Although we’re still experiencing lots of snow here in Muskoka, spring will soon be upon us and that can only mean one thing to Aspen Valley – babies, babies and more babies!
Aspen Valley will soon be busy with babies, like this raccoon kit. Staff are appealing to the public to make donations ahead of the spring influx of orphaned animals.
Photo by Janalene Kingshott
In fact, we have recently learned that a rehabber in southern Ontario has already received two baby squirrels.
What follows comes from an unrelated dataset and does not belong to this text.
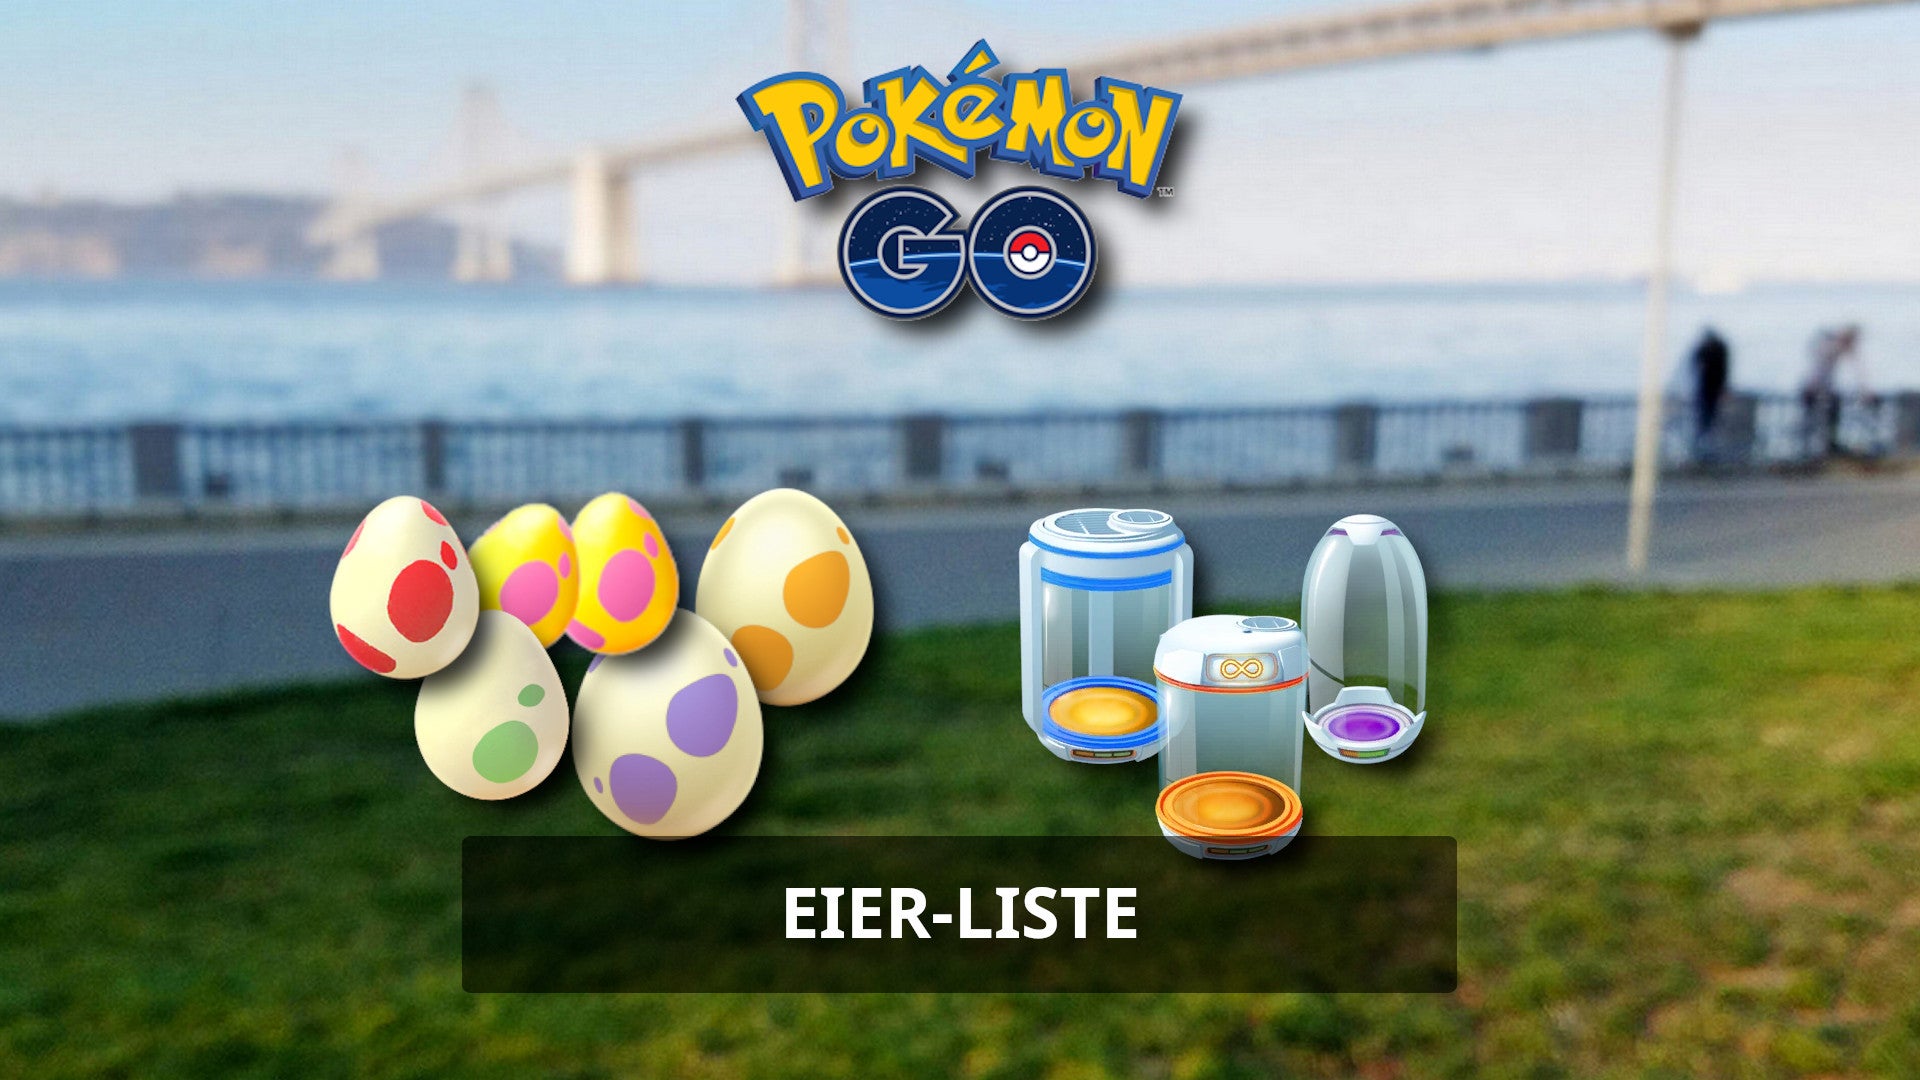 Bilder zu Pokémon Go Eier ausbrüten: Liste für August 2022 - Das schlüpft 2km, 5km, 7km, 10km und 12km Eiern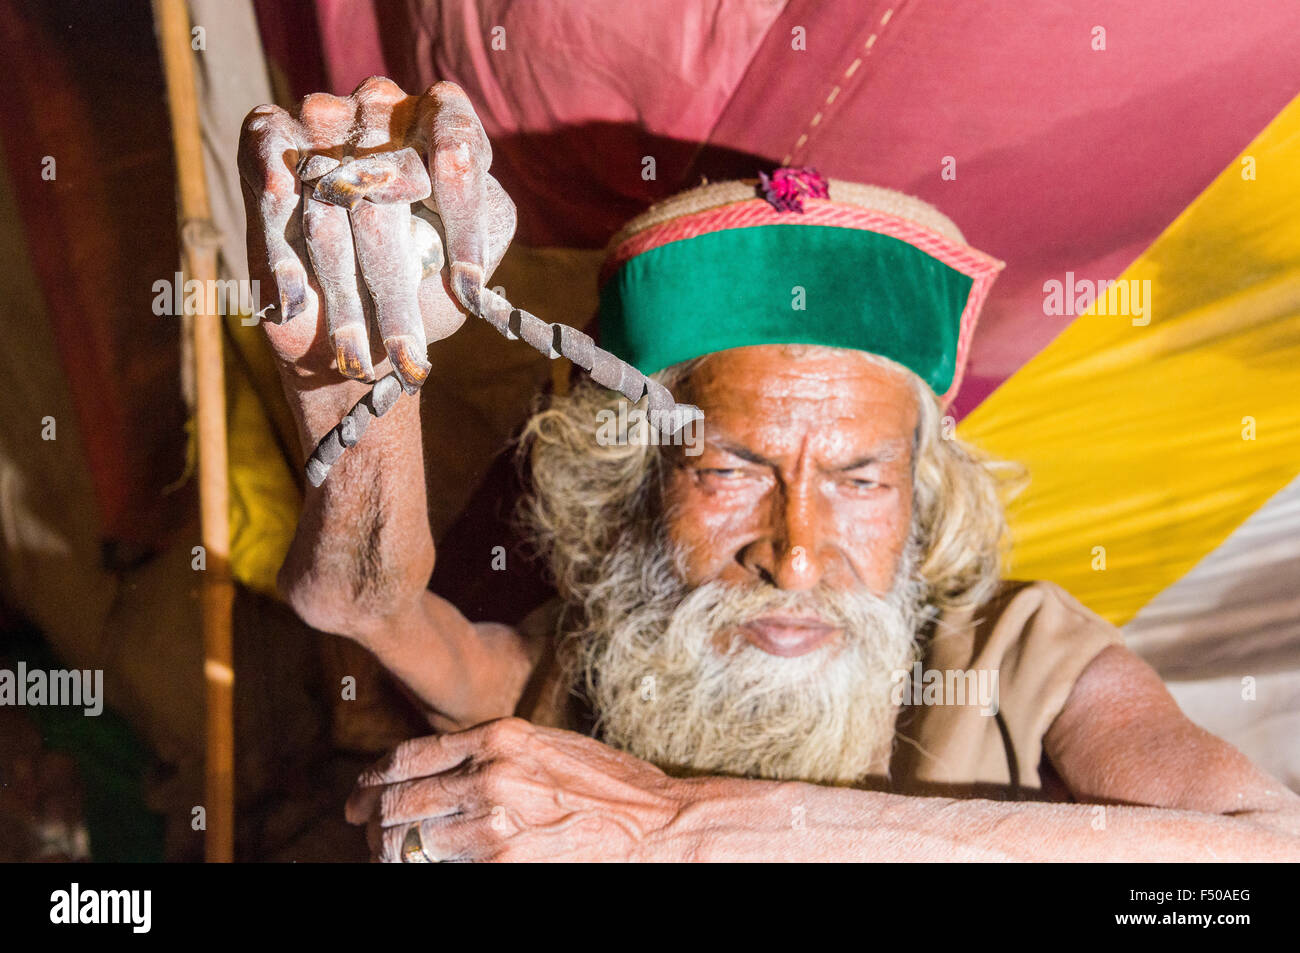 Juna akhara shiva de sadhu, saint homme, la pratique de urdha tapa, bras de levage ohne depuis de nombreuses années pour raison spirituelle dans sa tente. Banque D'Images

Granted, they generally have less snow there, but it is a keen reminder of what is to come.
There is a good deal of preparation work in order to be ready, and staff prefer to do this during the relatively quieter winter months.
First of all, every cage needs to be given a cleaning, along with the rooms containing them – including the refrigerators and food prep room. We are grateful that there are currently three volunteers, who are doing their school volunteer hours with us, to help.
Supplies are checked and more ordered as needed. When baby raccoons arrive, they are first taken to the quarantine room. Raccoons are one of the rabies vector species found in Ontario and therefore undergo a period where staff and volunteers will wear face masks, gloves and gowns changed for each separate cage, in order to ensure the health of not only the animals, but the humans caring for them. A disinfecting footbath is installed at the entrance of the quarantine room so that any potential disease is not transmitted elsewhere.
We are currently gathering supplies for the spring rush.
We have gathered gowns, facemasks, gloves, bleach disinfectant, different sized baby bottles, and different sizes of tubing for tube feeding animals too weak to suckle.
We are currently still looking for possible donations of gowns, gloves and face masks, as these are items that are disposable and consequently we use large amounts of.
As staff vaccinates wildlife before release, vaccines are ordered in bulk, as well as the painkillers, de-wormers and other assorted antibiotics and medical supplies, including various sizes of syringes, needles, bandages, etc.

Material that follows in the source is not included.